Wong rattled off past Labor reforming governments to emphasise the point and tellingly skipped the one that she was supposed to have had major reforming role in as Minister for Climate Change and Water. This is a shame because the experience of the Rudd government should be instructive. It was the first Labor government when the unions were no longer a significant social force. It was largely a technocrat government that could generate lots of policy, whether through the kitchen Cabinet of Rudd, Gillard and Tanner, or through the Great and Good at the 2020 Summit. But what hampered the Rudd (and Gillard) government was the absence of those in society with enough weight to cover the government’s back, as was clearly needed is in the roll out of pink batts and the mining tax.
This lack of relations with sections of society with the clout to make things happen makes it difficult for Labor to cobble together a genuine reform program and a case for governance today—and is a good part of why we have seen only one majority Labor government in 23 years.
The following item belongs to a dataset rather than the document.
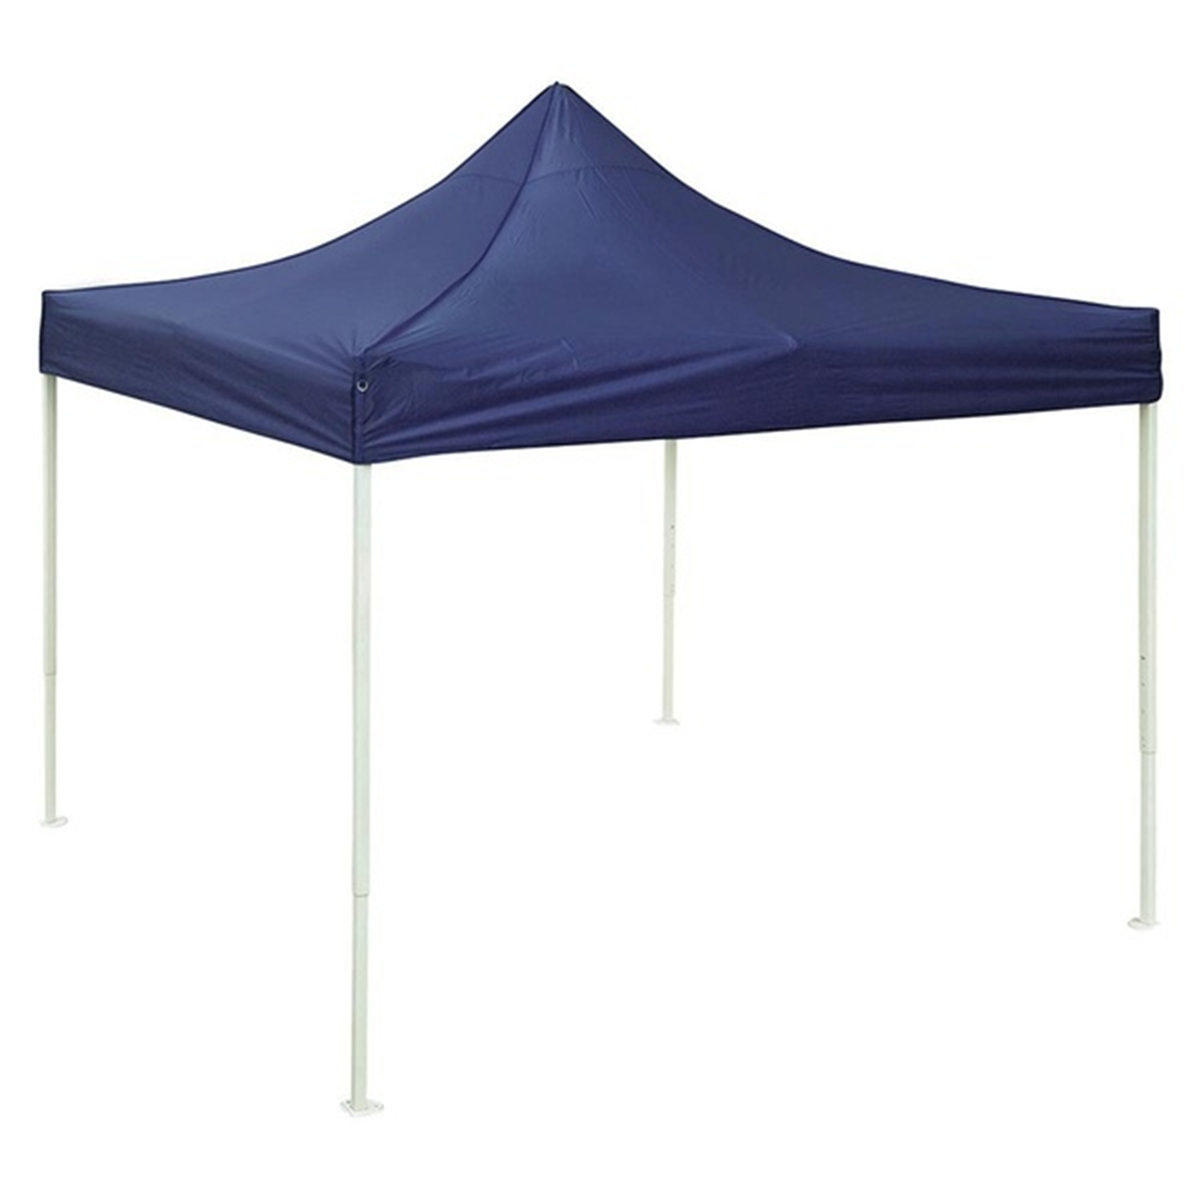 10x10ft 420D impermeabile Oxford tessuto parasole esterno viaggio escursionismo tenda campeggio

The attempt to overcome this by simply making one up, probably never convinced the electorate, and is perhaps why it could not generate the excitement that would offset any scare campaign.
For reform to happen, it requires either capturing changes that are already happenning or securing backing from powerful interests in society. In 2019, Shorten’s Labor had neither.
It is difficult for any political party to comprehend that a program deficit cannot be overcome simply by a will to power and this clearly will be difficult for Labor as well. Already the blame is gradually drifting towards the public, often not directly, but through its supposed gullibility to the power of the media or Clive Palmer’s annoying ad campaign.
Blaming the public is not a recipe for success. While the pretence by the Liberals and their media boosters that this was a landslide endorsement of the right is unlikely to be sustainable for very long, they may have more success making hay with an introspective and resentful left. Already there have been taunts that Labor is betraying its working-class base through such policies as climate change. It is true that initial data coming from the major cities, for example, shows that despite the faux class-rhetoric of Labor about the top end of town (or perhaps because of it), it was the wealthier traditional Liberal areas that swung to Labor compared to more working class areas that swung to the Liberals.
This may be no more than what we are seeing elsewhere in the US and Europe—that the class divisions of traditional politics are melting away. Climate change, an issue that over-rides sectional interests, is one issue that does exactly that. This election gives plenty of evidence that such a fading of class ties and voter loyalty will cause as many problems for the Coalition as it will for Labor. But for the moment, the spoils, and the taunting, will go to the victor.